▶ DATA:
=== Begin Enclosure ===

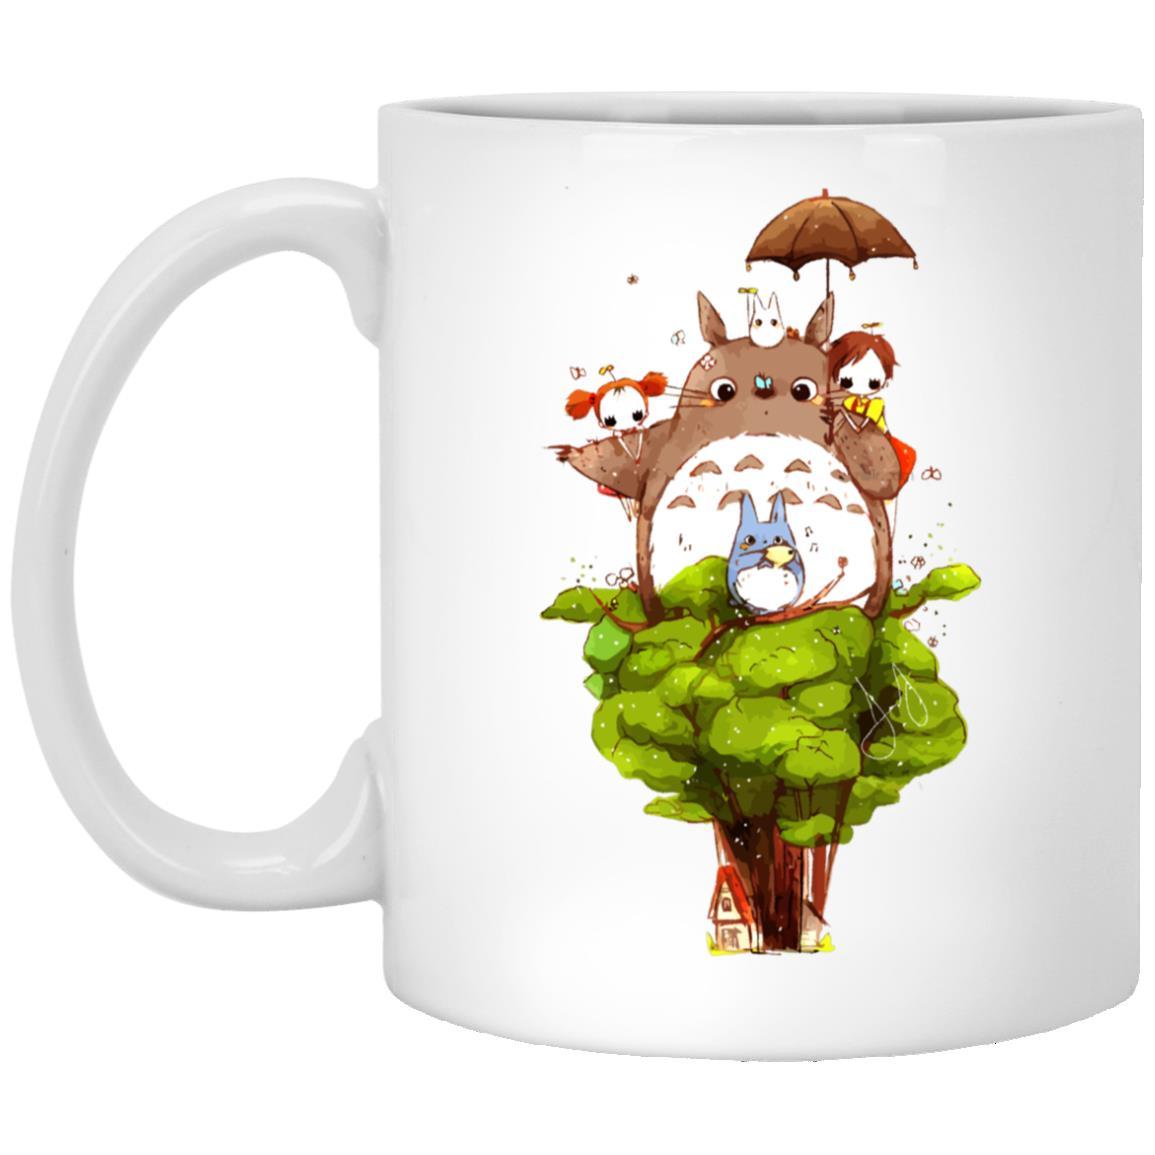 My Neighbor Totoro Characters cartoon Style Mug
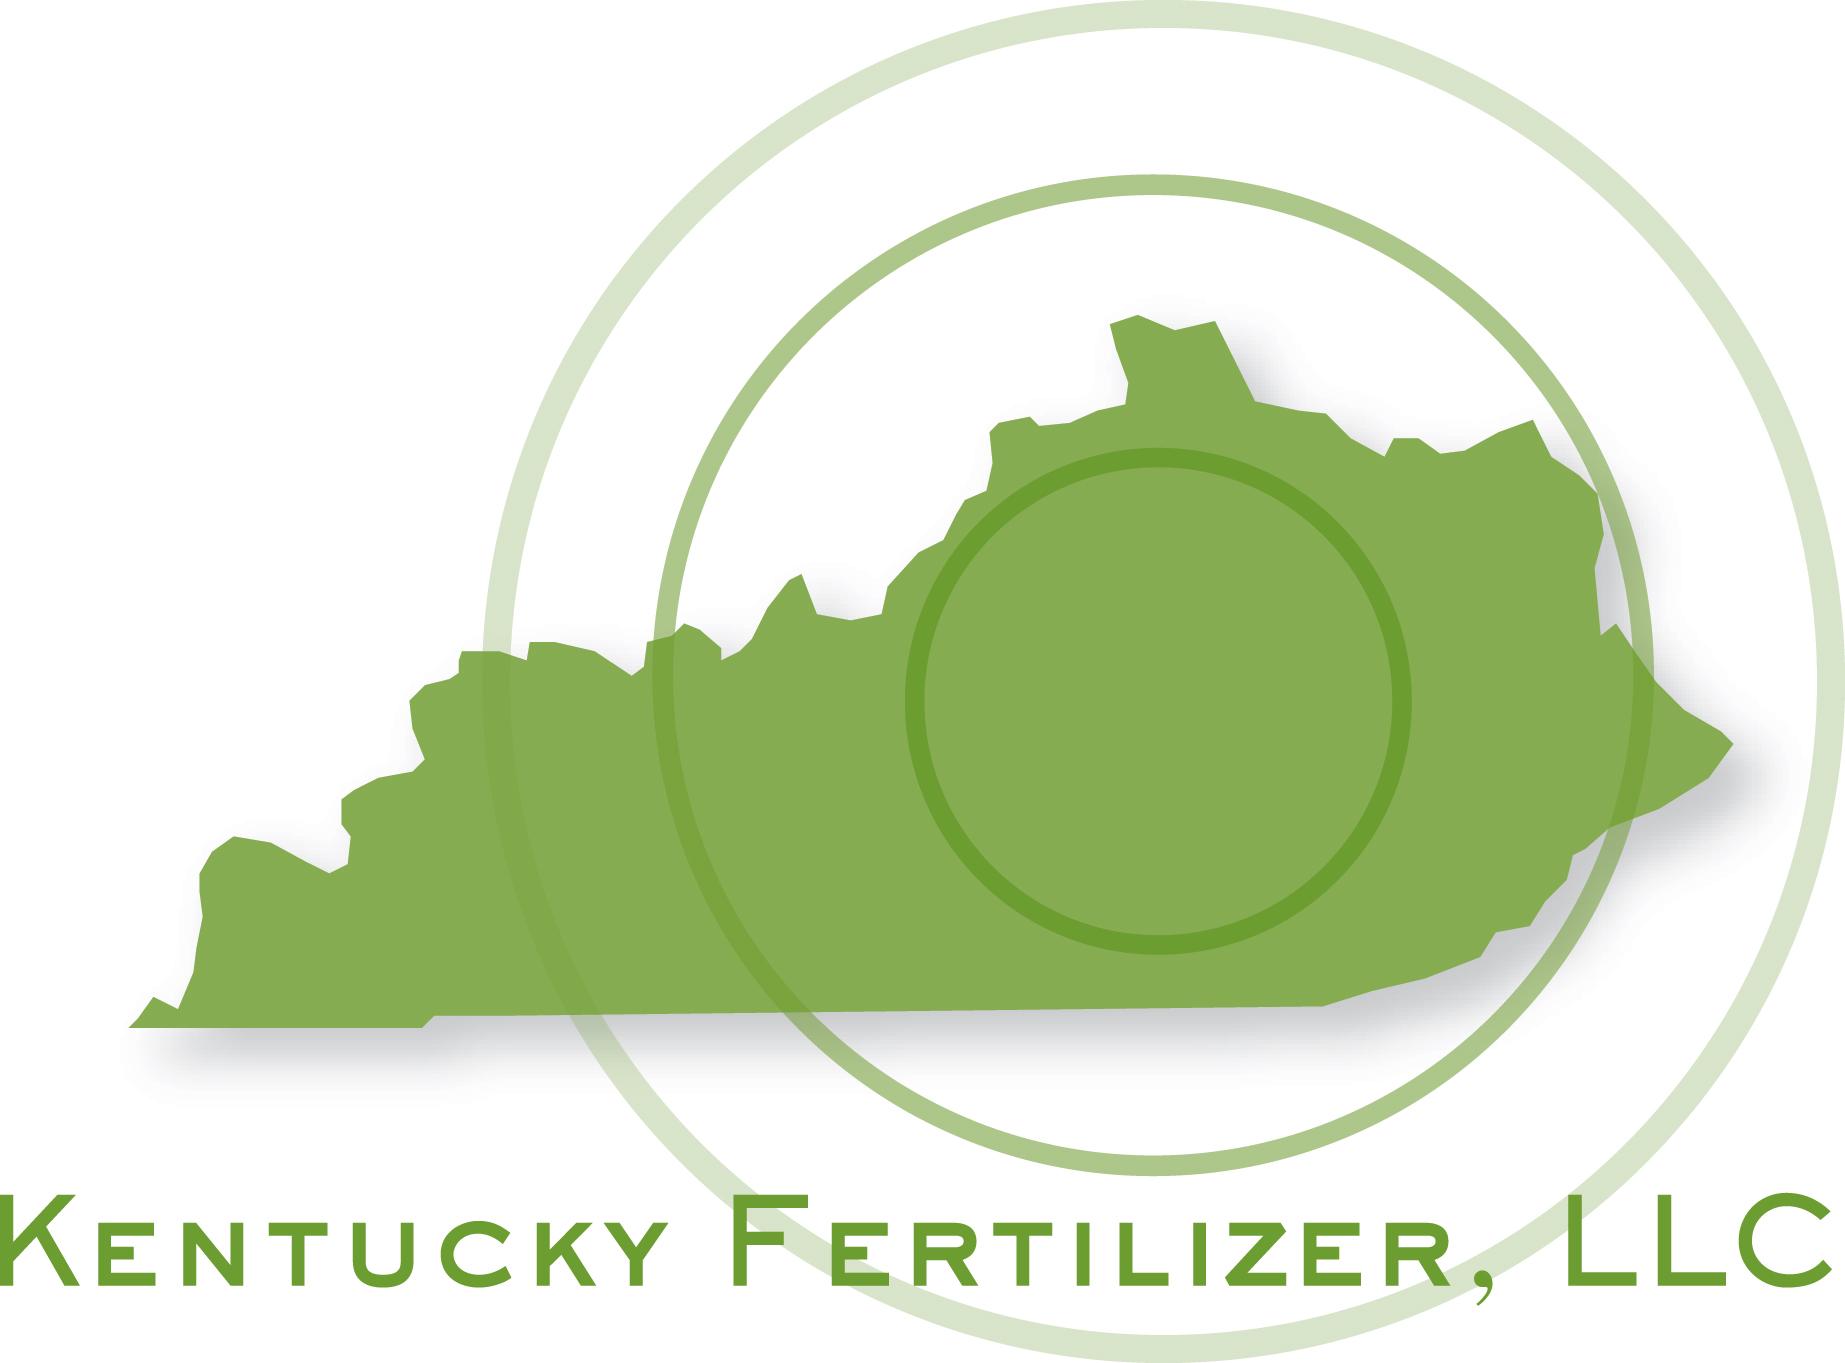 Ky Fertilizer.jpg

=== End Enclosure ===
=== Begin Enclosure ===

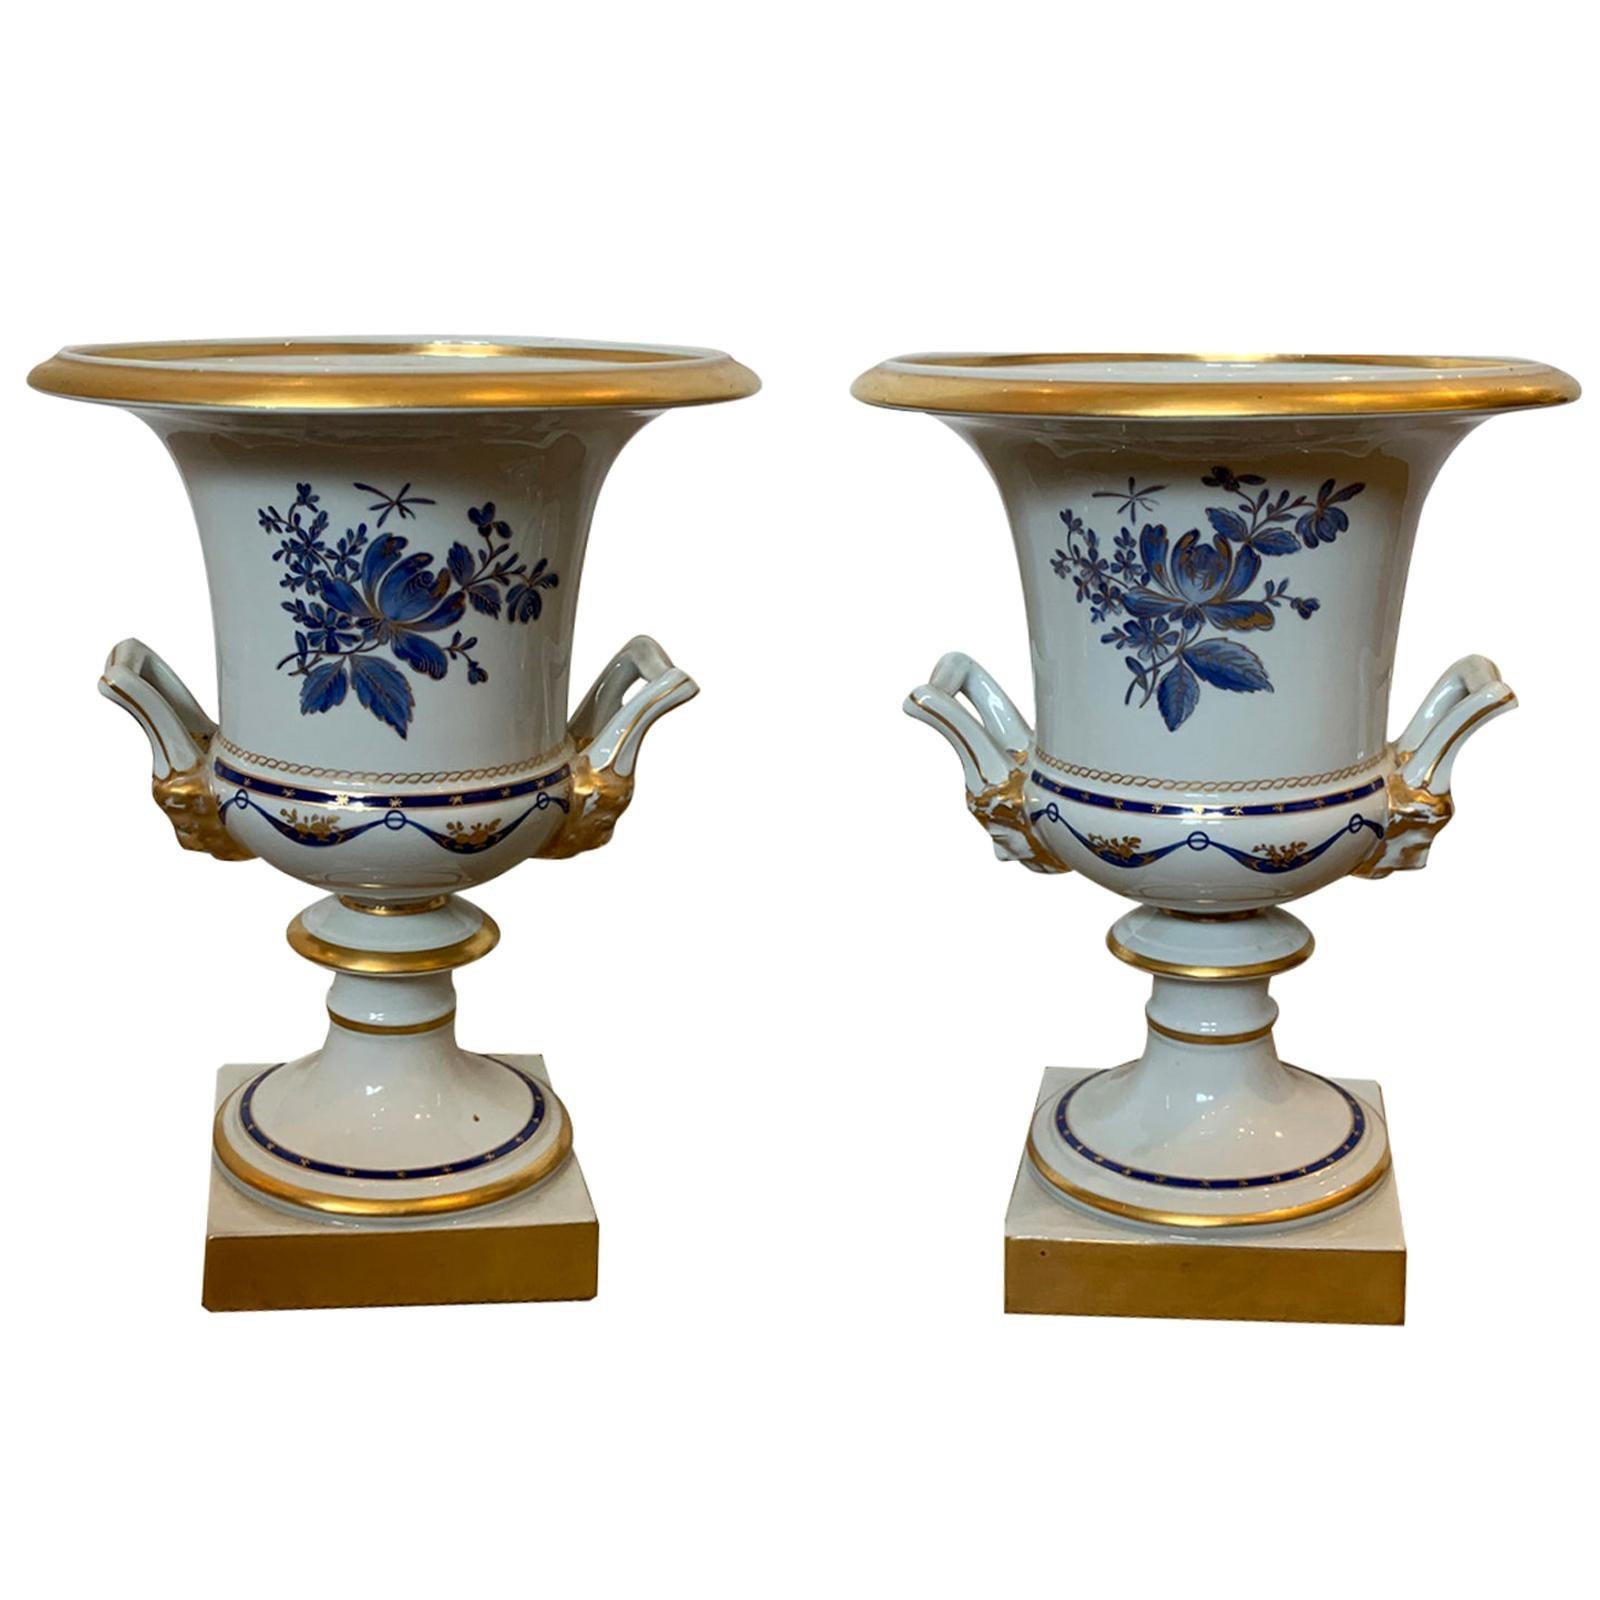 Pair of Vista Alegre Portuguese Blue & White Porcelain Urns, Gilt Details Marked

=== End Enclosure ===
=== Begin Enclosure ===

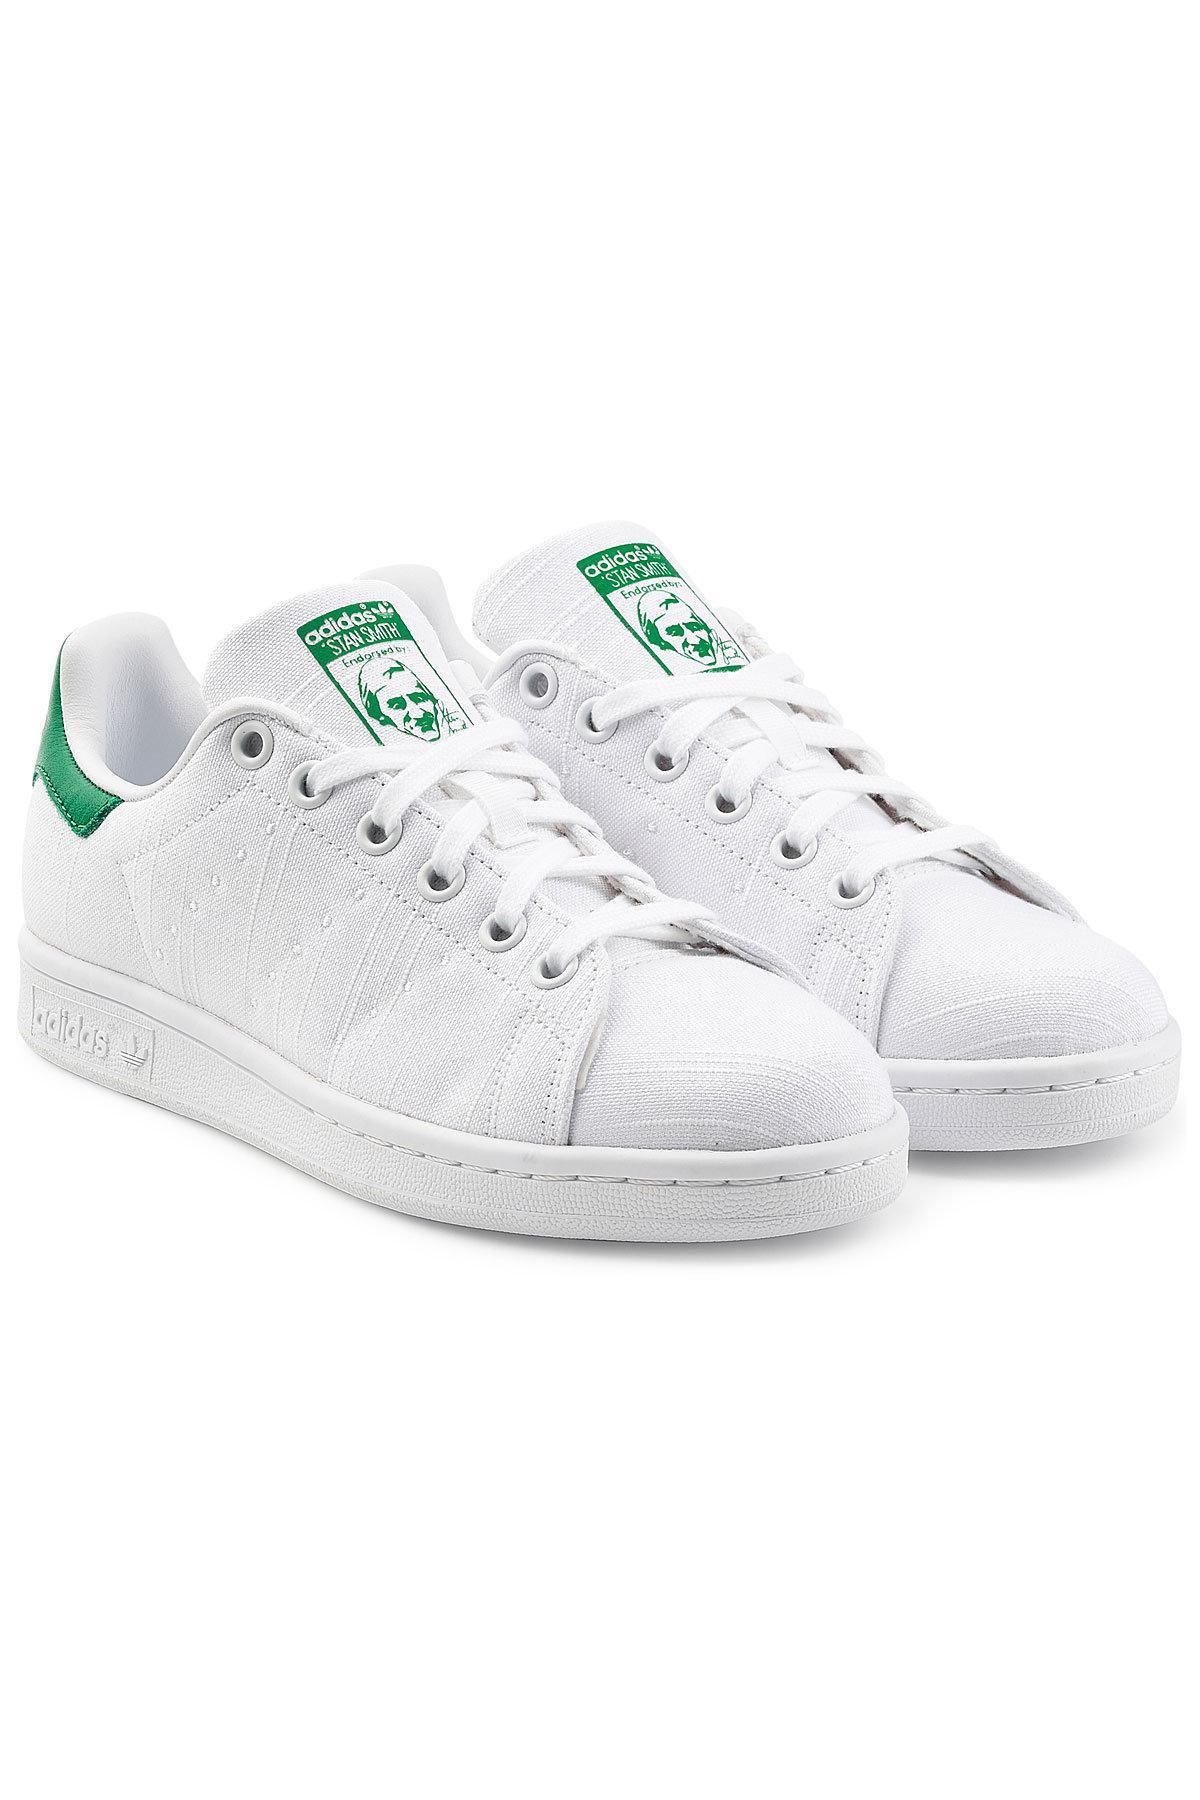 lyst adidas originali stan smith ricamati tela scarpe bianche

=== End Enclosure ===

▶ WHAT IS REQUIRED: Return the stretch of data that begins with the line showing "My Neighbor Totoro" and goes on through the line showing "Ky Fertilizer.jpg", exactly, with pictures removed.

▶ FINISHED TASK:
 My Neighbor Totoro Characters cartoon Style Mug
 Ky Fertilizer.jpg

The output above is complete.